Elsevier were our kind hosts for the latest London Lucene/Solr Meetup and also provided the first speaker, Peter Cotroneo. Peter spoke about their DataSearch project, a search engine for scientific data. After describing how most other data search engines only index and rank results using metadata, Peter showed how Elsevier’s product indexes the data itself and also provides detailed previews. DataSearch uses Apache NiFi to connect to the source repositories, Amazon S3 for asset storage, Apache Spark to pre-process the data and Apache Solr for search. This is a huge project with many millions of items indexed.
Relevance is a major concern for this kind of system and Elsevier have developed many strategies for relevance tuning. Features such as highlighting and auto-suggest are used, lemmatisation rather than stemming (with scientific data, stemming can cause issues such as turning ‘Age’ into ‘Ag’ – the chemical symbol for silver) and a custom rescoring algorithm that can be used to promote up to 3 data results to the top of the list if deemed particularly relevant. Elsevier use both search logs and test queries generated by subject matter experts to feed into a custom-built judgement tool – which they are hoping to open source at some point (this would be a great complement to Quepid for test-based relevance tuning)
Peter also described a strategy for automatic optimization of the many query parameters available in Solr, using machine learning, based on some ideas first proposed by Simon Hughes of dice.com. Elsevier have also developed a Phrase Service API, which helps improve phrase based search over the standard un-ordered ‘bag of words’ model by recognising acronyms, chemical formulae, species, geolocations and more, expanding the original phrase based on these terms and then boosting them using Solr’s query parameters. He also mentioned a ‘push API’ available for data providers to push data directly into DataSearch. This was a necessarily brief dive into what is obviously a highly complex and powerful search engine built by Elsevier using many cutting-edge ideas.
Our next speaker, Michael Hardwick of Elite Software, talked about how textual data is stored in PDF files and the implications for extracting this data for search applications. In an engaging (and at some times slightly horrifying) talk he showed how PDFs effectively contain instructions for ‘painting’ characters onto the page and how certain essential text items such as spaces may not be stored at all. He demonstrated how fonts are stored within the PDF itself, how character encodings may be deliberately incorrect to prevent copy-and-paste operations and in general how very little if any semantic information is available. Using newspaper content as an example he showed how reading order is often difficult to extract as the PDF layout is a combination of the text from the original author and how it has been laid out on the page by an editor – so the headline may be have been added after the article text, which itself may have been split up into sections.

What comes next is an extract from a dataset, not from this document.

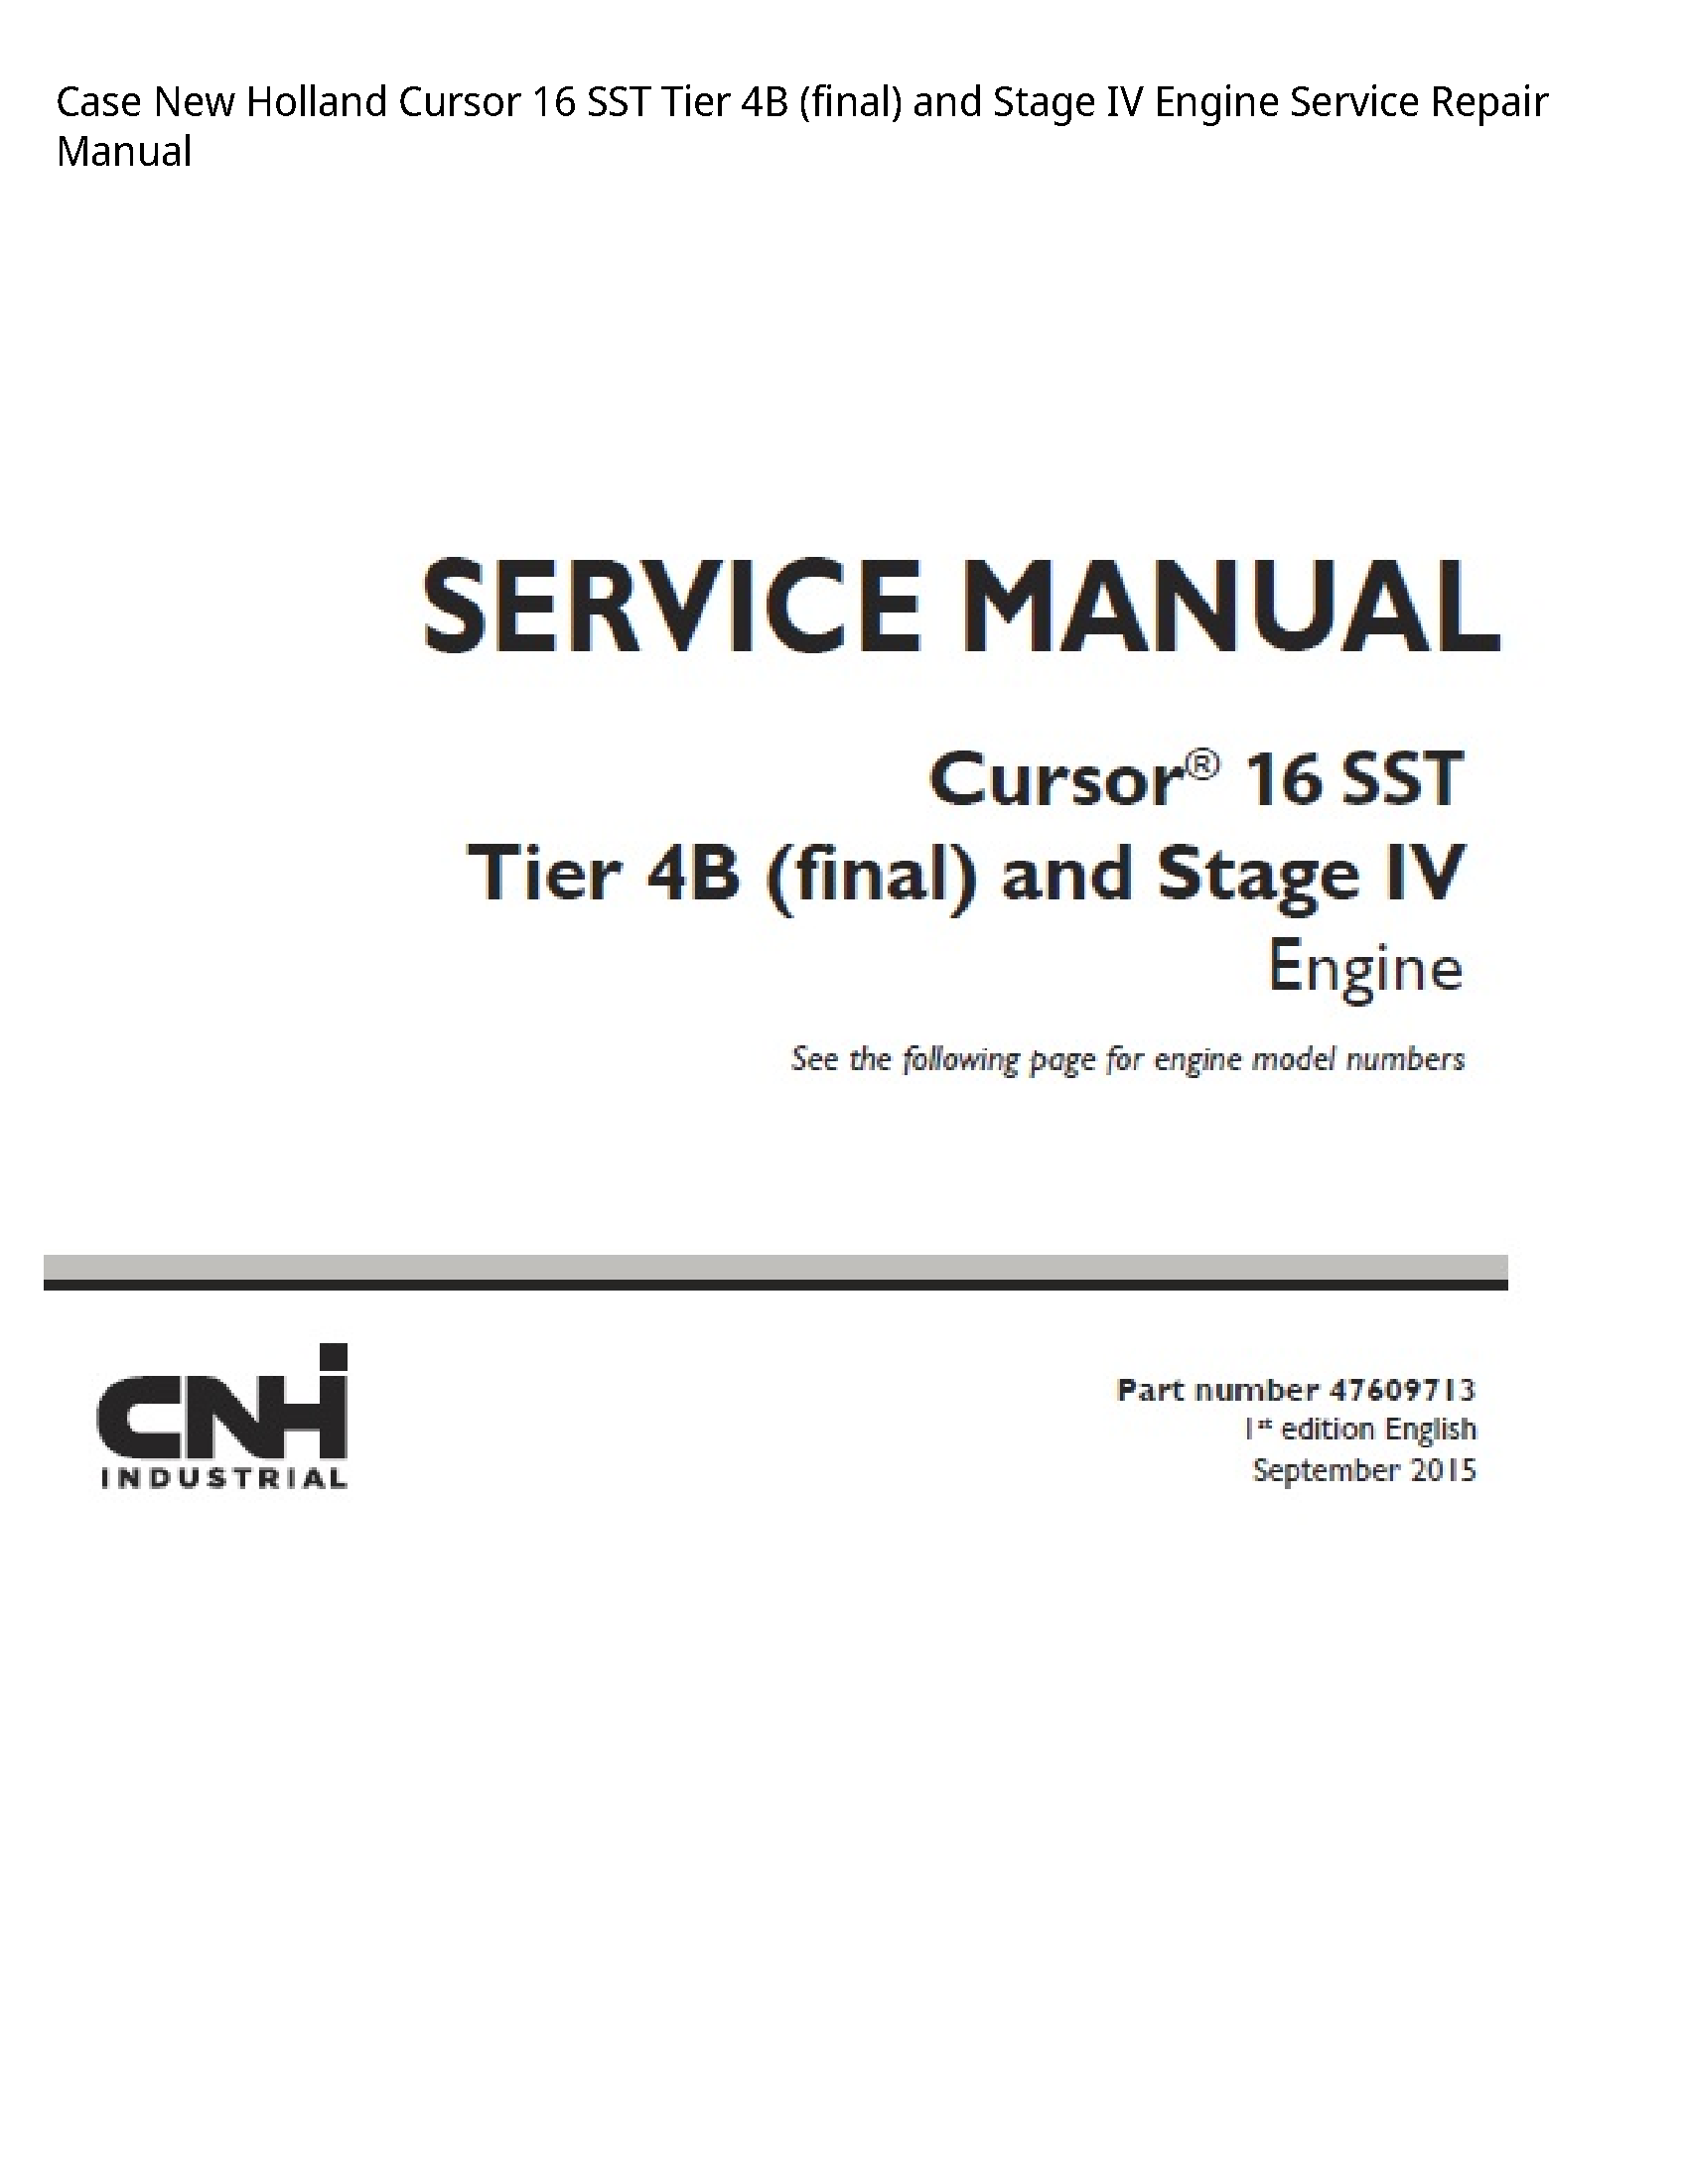 Case/Case IH 16 New Holland Cursor SST Tier (final)  Stage IV Engine manual
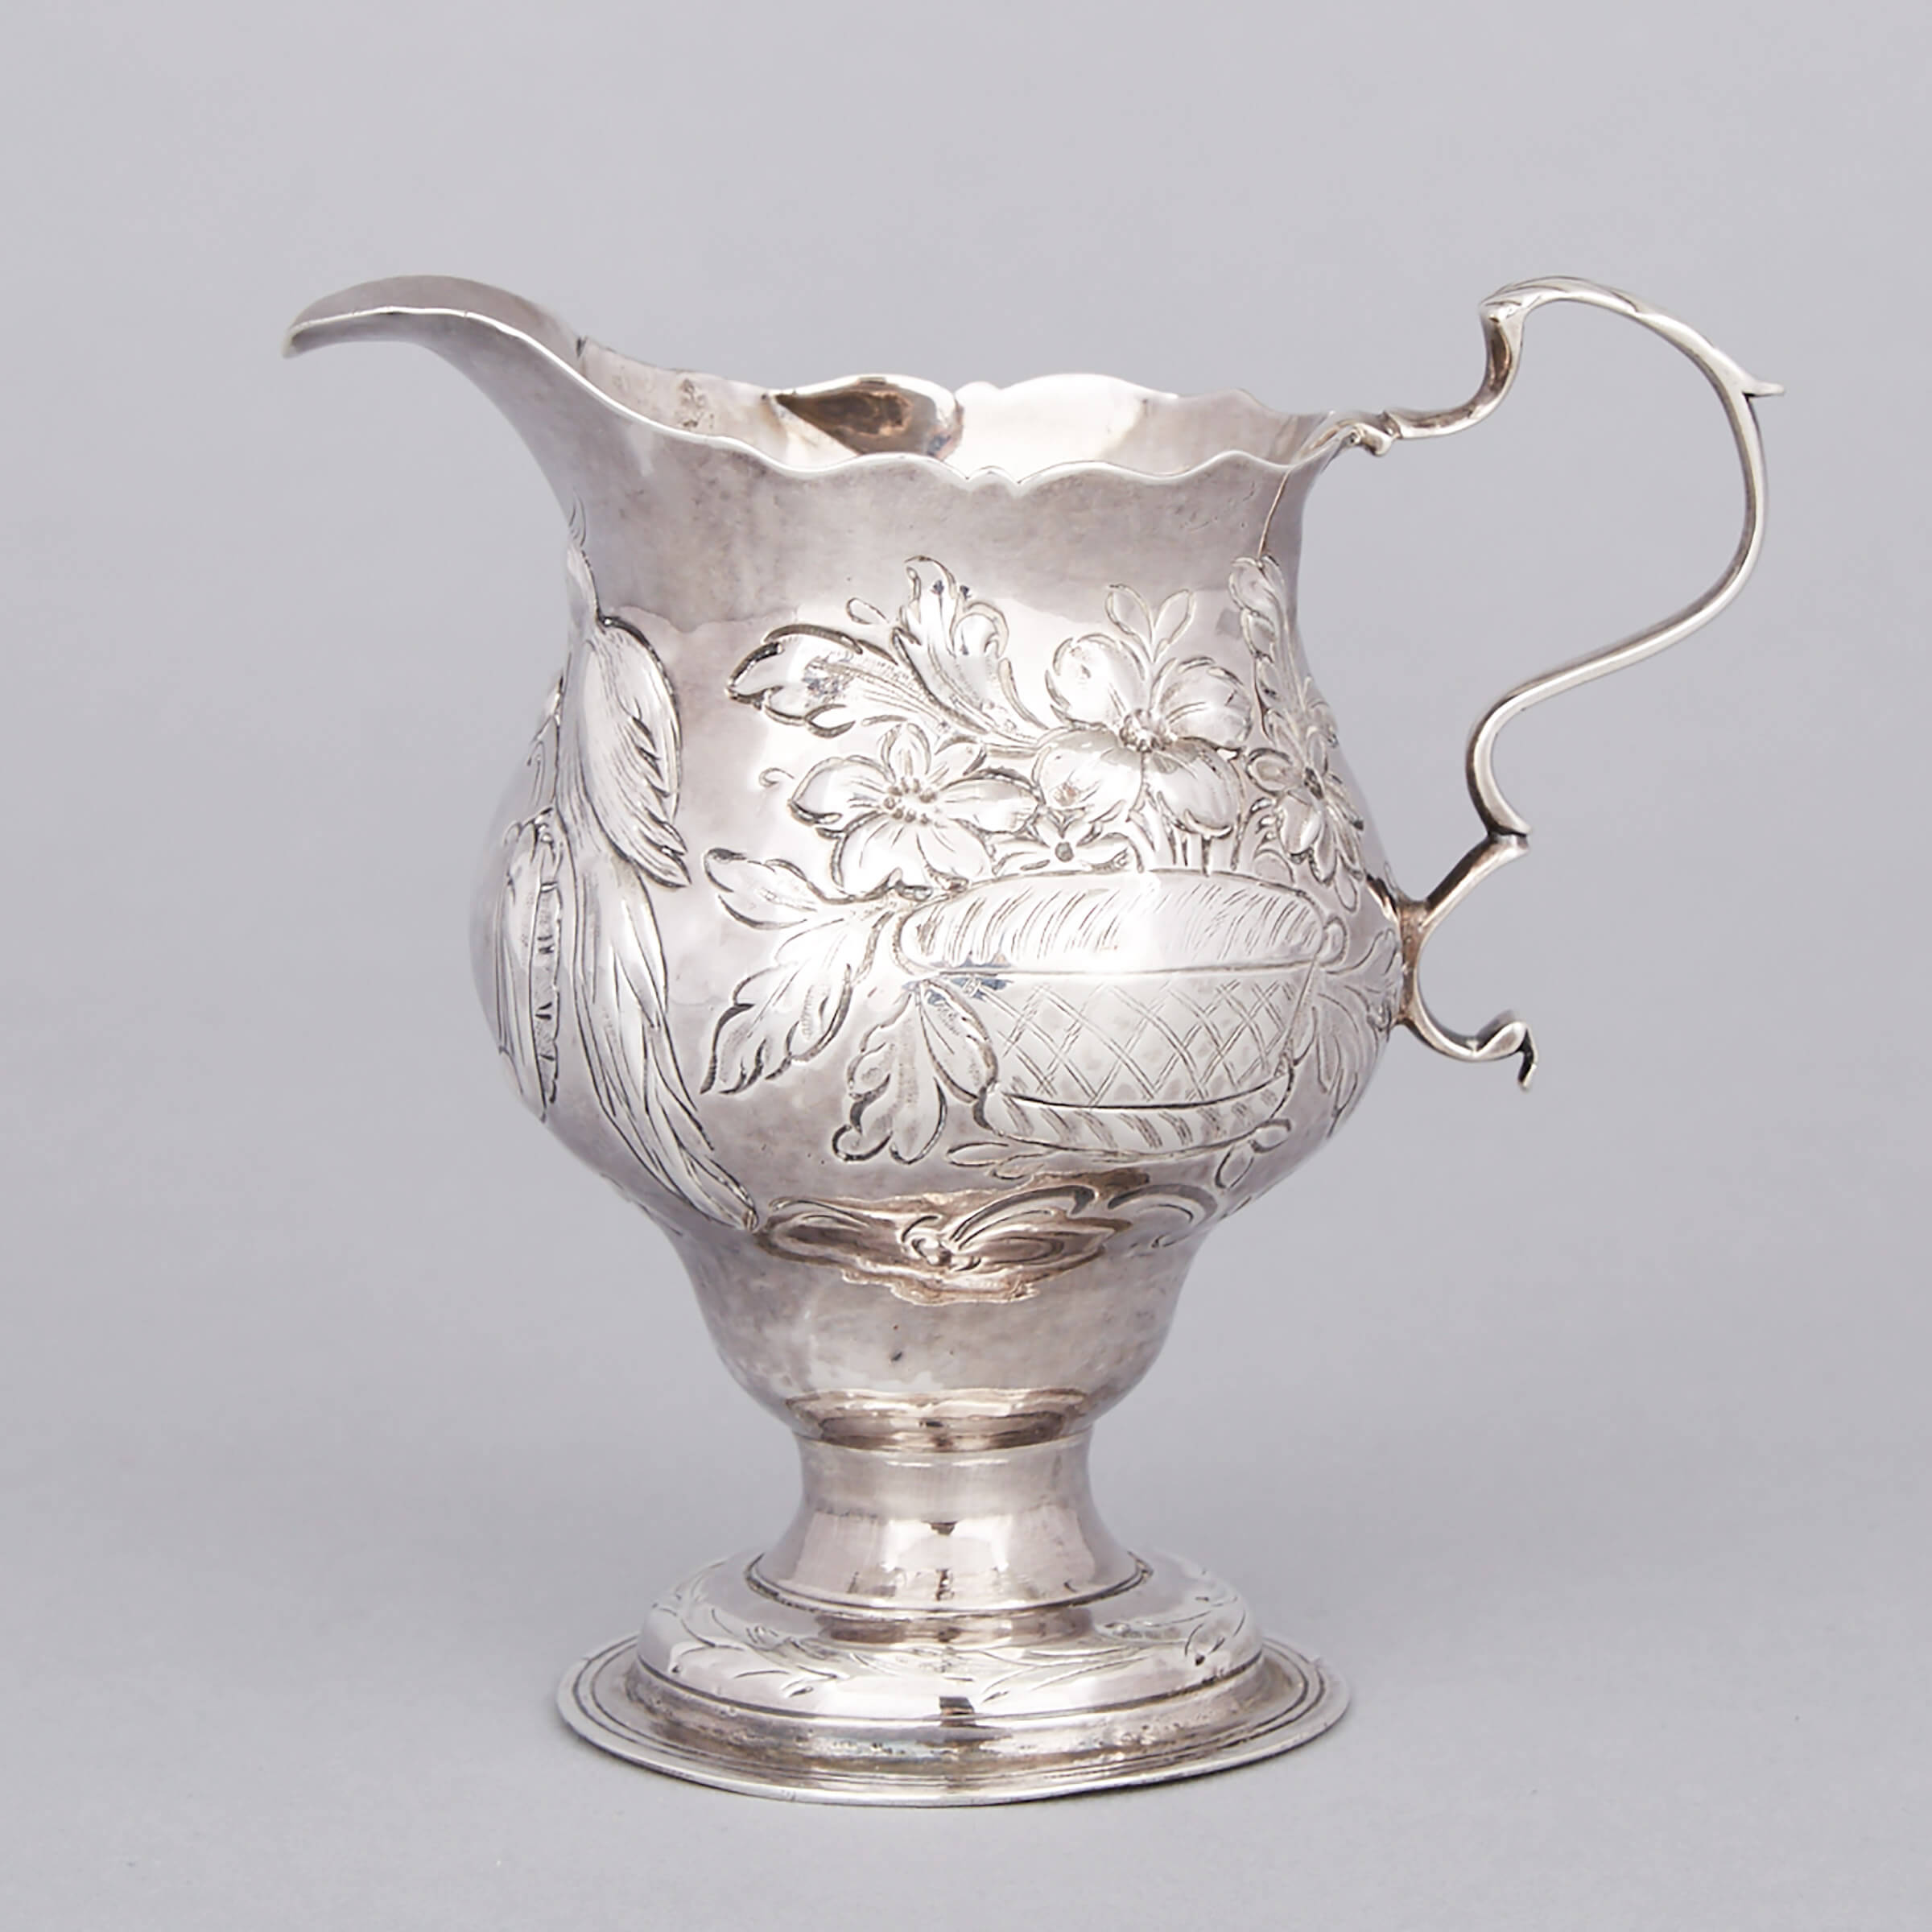 George III Silver Cream Jug, Elizabeth Muns, London, 1768

Tables in PDFs were described as a particular issue when attempting to extract numerical data for re-use – the data order may not be in the same order as it appears, for example if only part of a table is updated each week a regular publication appears. With PDF files sometimes compressed and encrypted the task of data extraction can become even more difficult. Michael laid out the choices available to those wanting to extract data: optical character recognition, a potentially very expensive Adobe API (that only gives the same quality of output as copy-and-paste), custom code as developed by his company and finally manual retyping, the latter being surprisingly common.
Thanks to both our speakers and our hosts Elsevier – we’re planning another Meetup soon, hopefully in mid to late June.